ABSTRACT: In this paper we propose an approach to increase the robustness of Multi-classification Artificial Neural Networks to noise. Our approach is to train the Algorithm as a binary classification algorithm to lower the effect noisy data has on weights and biases of the ANN. The Multiplication Algorithms trains on the information that a random guess is the image label, but tests in the same way as a multi-classification algorithm. Furthermore, The Multiplication Algorithm is tested against the standard Pytorch ANN both of which are trained using the MNIST dataset. In this paper, we can conclude that the the Multiplication Algorithm is more noise resistant than the regular Algorithm, but needs more data than the regular algorithm.

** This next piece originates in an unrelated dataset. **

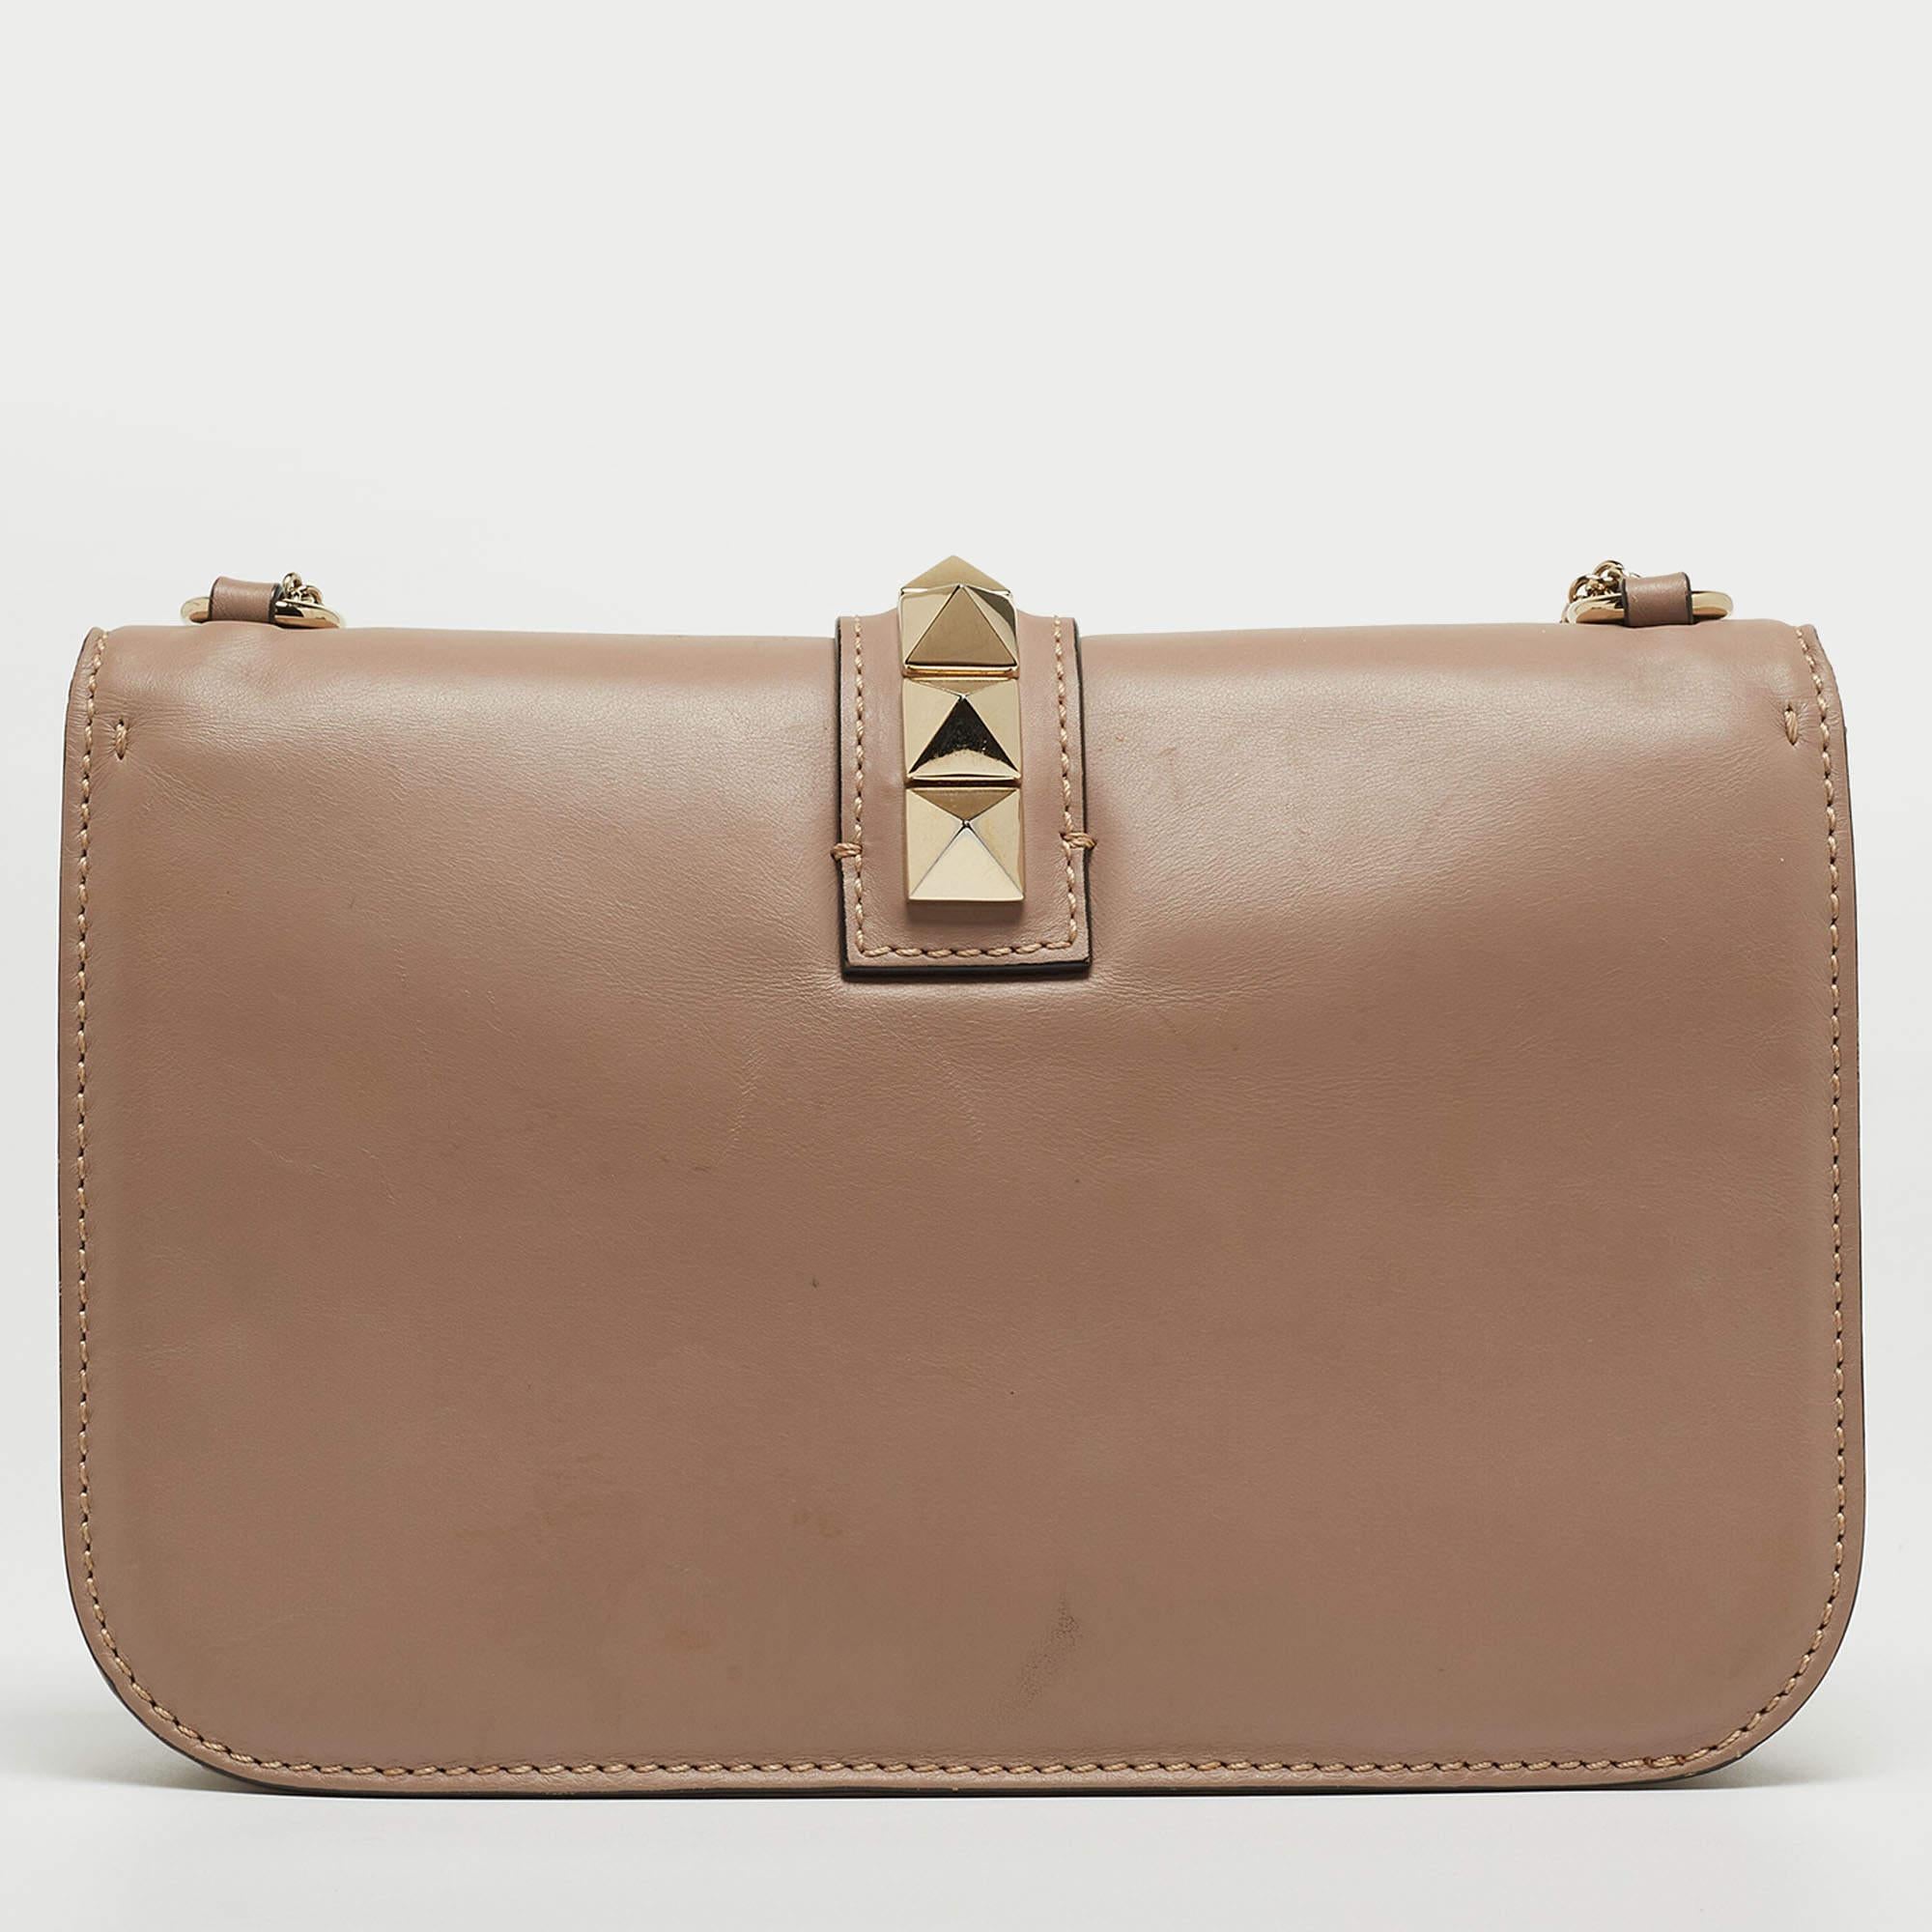 Célébrant le riche héritage de la marque, ce sac Valentino est décoré de Rockstuds. Il est fabriqué en cuir et présente un design remarquable. Doublé de tissu, il est sécurisé par une fermeture verrouillée de la marque sur le rabat avant. La

SUMMARY: For ANNs to have accurate results it needs to meet two conditions: be trained on a large amount of data and that the data has a low error bound. Specifically in a research setting it becomes easier to generate experimental data than it is to reduce noise. This paper shows that the training an artificial neural network on binary labels increases the robustness of the algorithm to noisy data at the expense of needing more data. Specifically, two novel ANN Algorithms, the Concatenation and Multiplication Algorithms are compared to the standard pytorch multi-classification algorithm. The Concatenation and Multiplication Algorithms are trained on binary labels of if a randomly generated guess is the the correct label. All three ANNs were tested on the problem of classifying handwritten digits because of the accessibility of the MNIST dataset, but the ANNs can be generalized for any multi-classification algorithm.